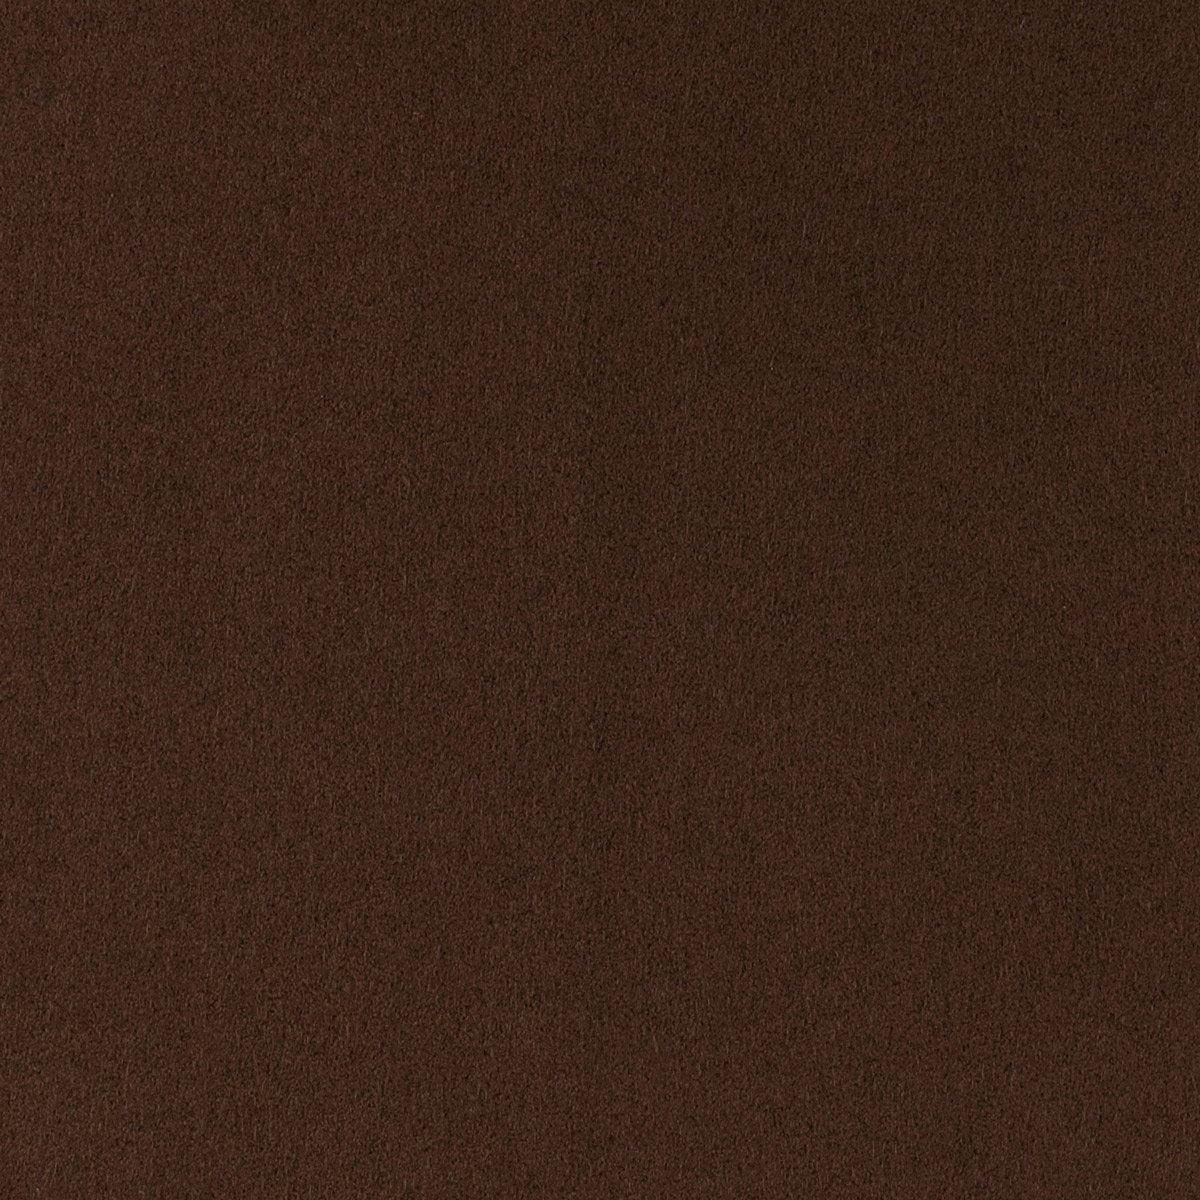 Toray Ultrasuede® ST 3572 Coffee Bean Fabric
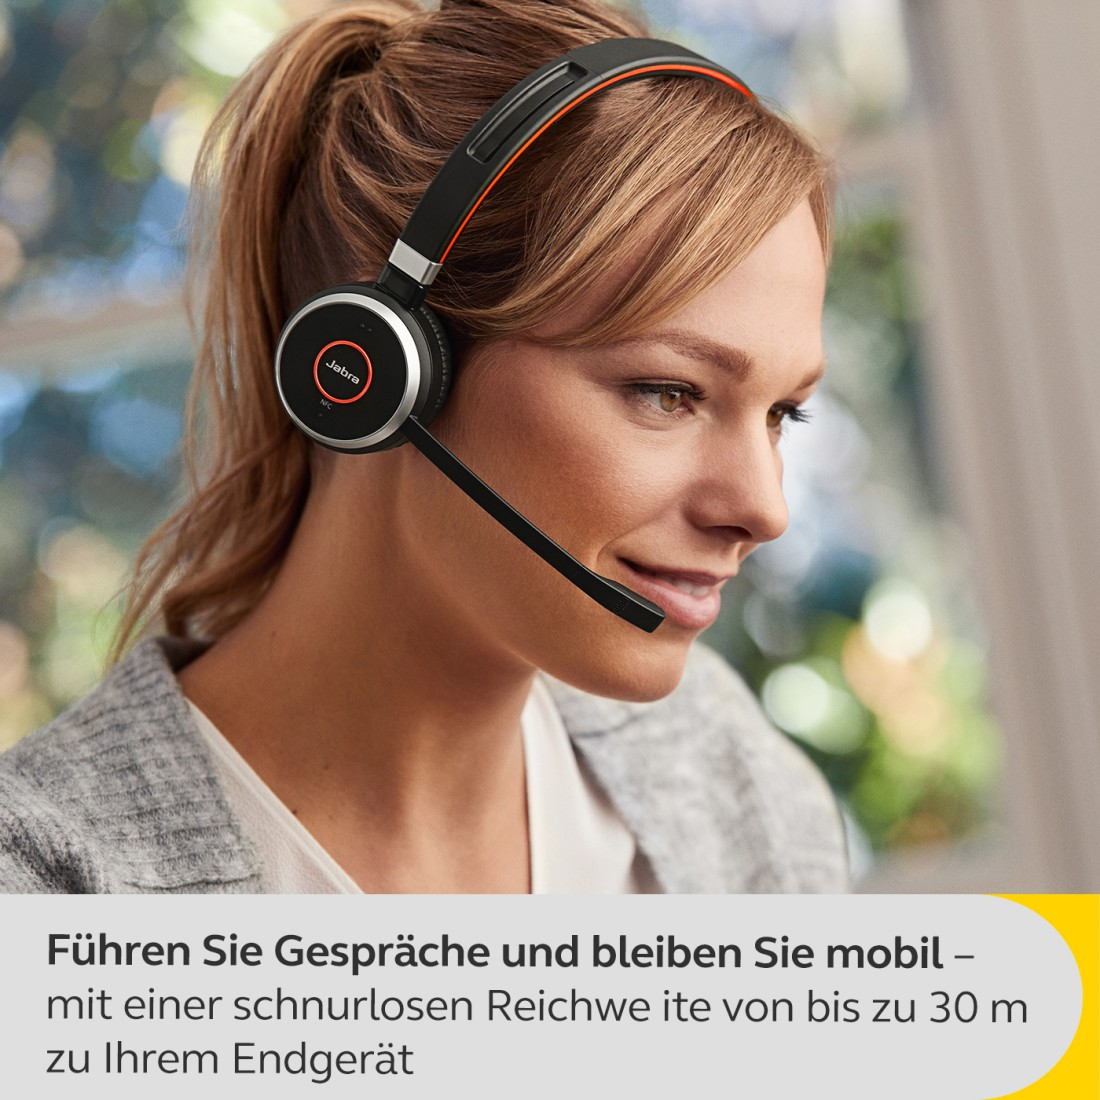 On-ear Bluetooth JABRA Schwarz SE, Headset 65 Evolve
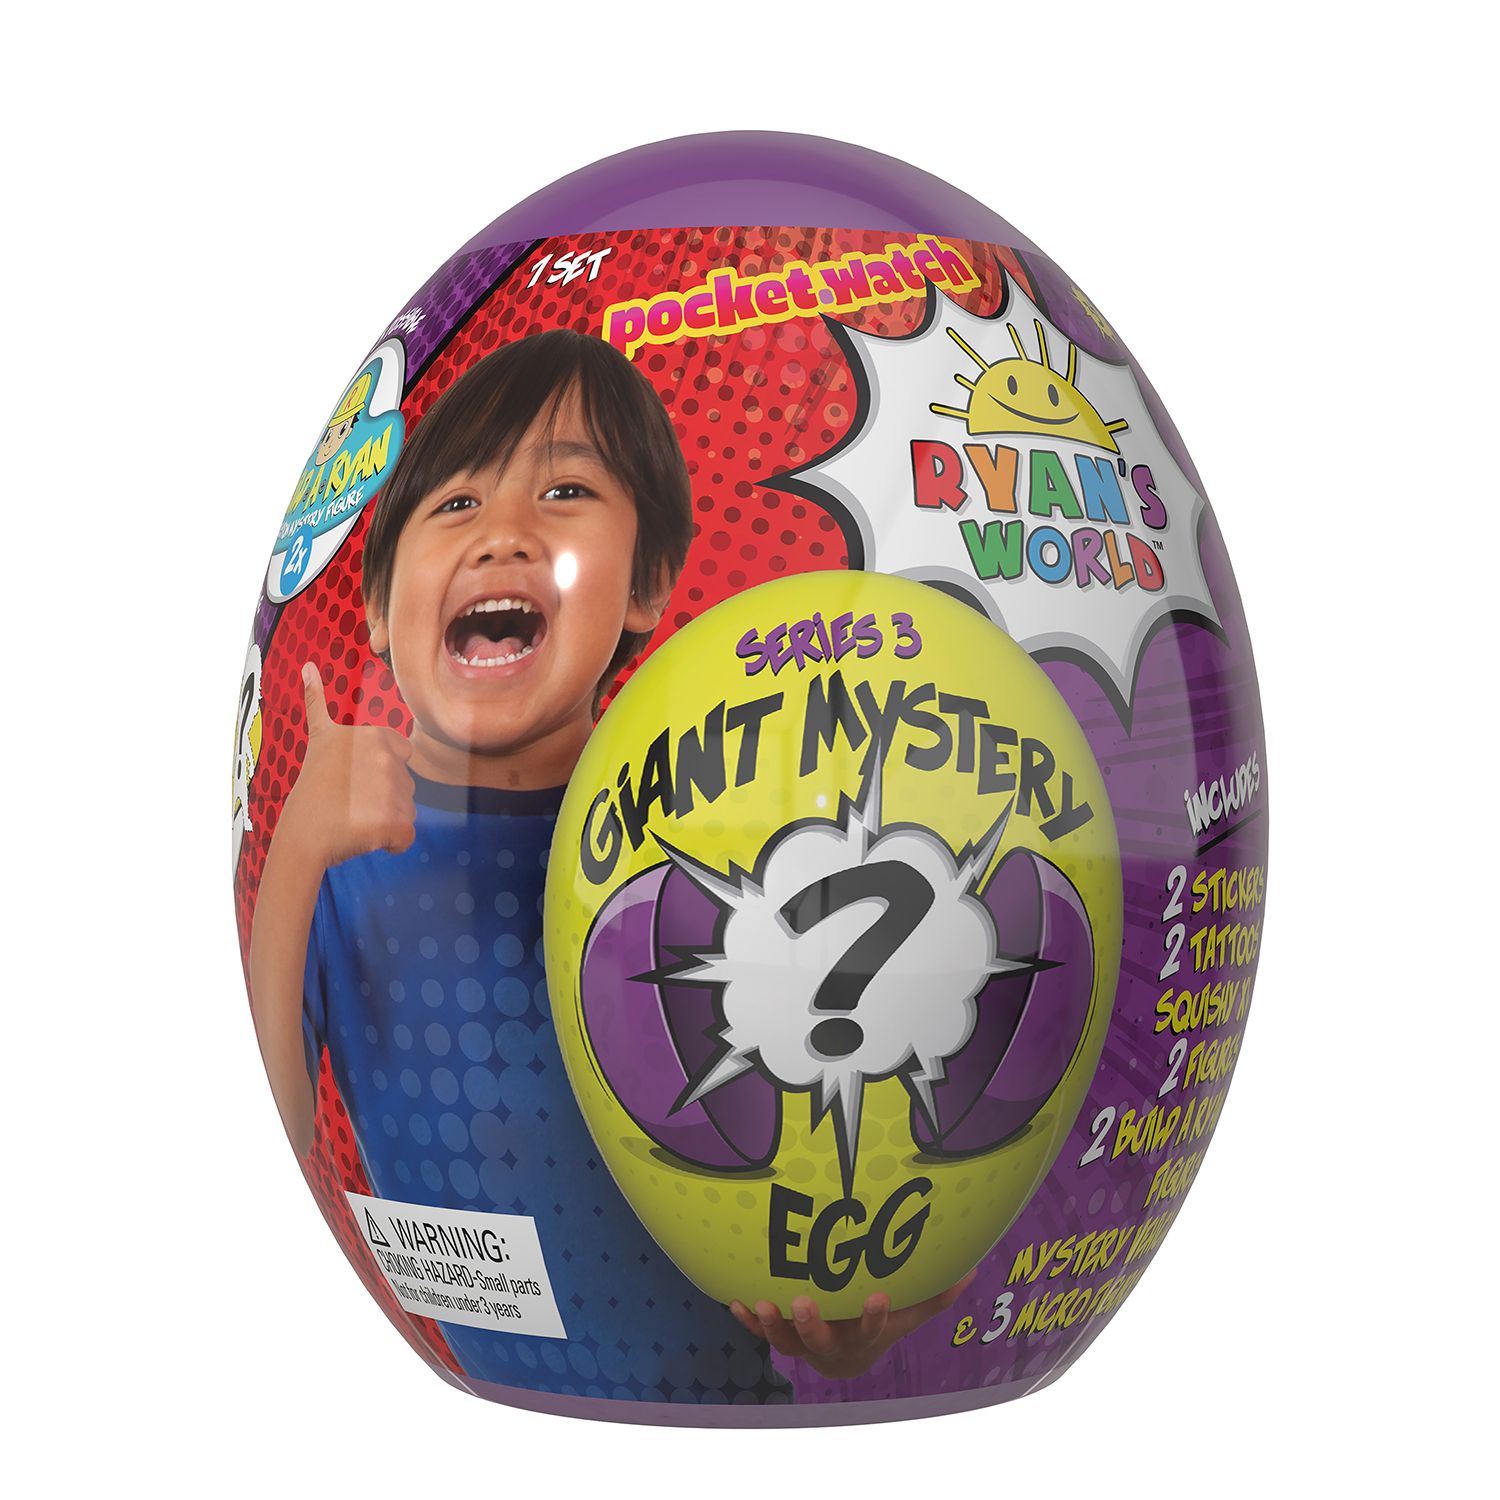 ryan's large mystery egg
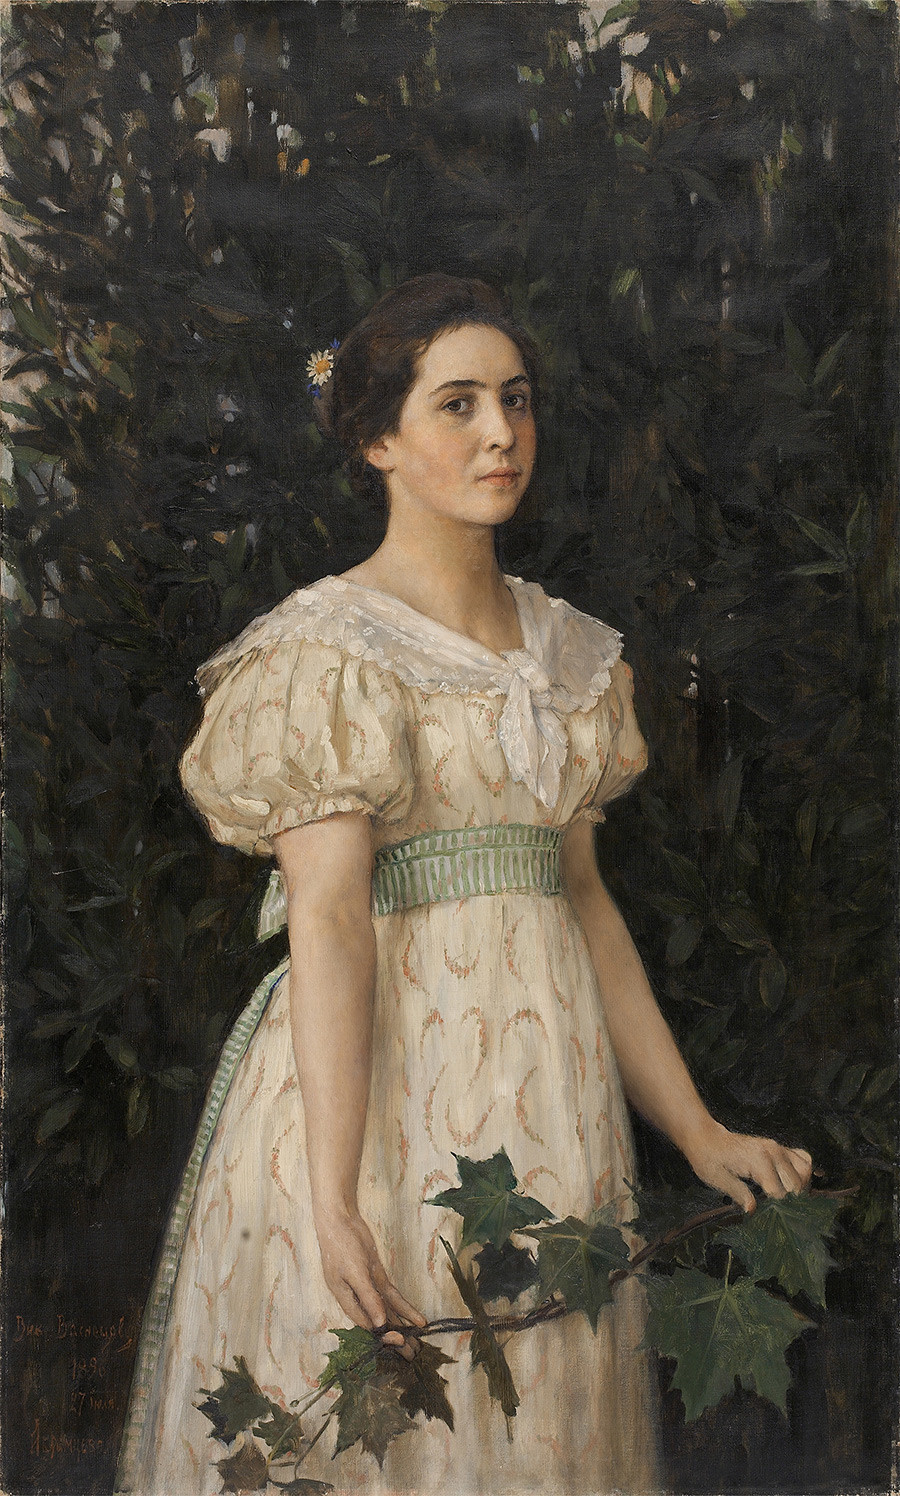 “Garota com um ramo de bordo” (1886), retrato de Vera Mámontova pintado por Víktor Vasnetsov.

- [Task item]:
The response must restate each line of the material above exactly and contain no images.

- [Task result]:
 Toray Ultrasuede® ST 3572 Coffee Bean Fabric
 On-ear Bluetooth JABRA Schwarz SE, Headset 65 Evolve
 ryan's large mystery egg
 “Garota com um ramo de bordo” (1886), retrato de Vera Mámontova pintado por Víktor Vasnetsov.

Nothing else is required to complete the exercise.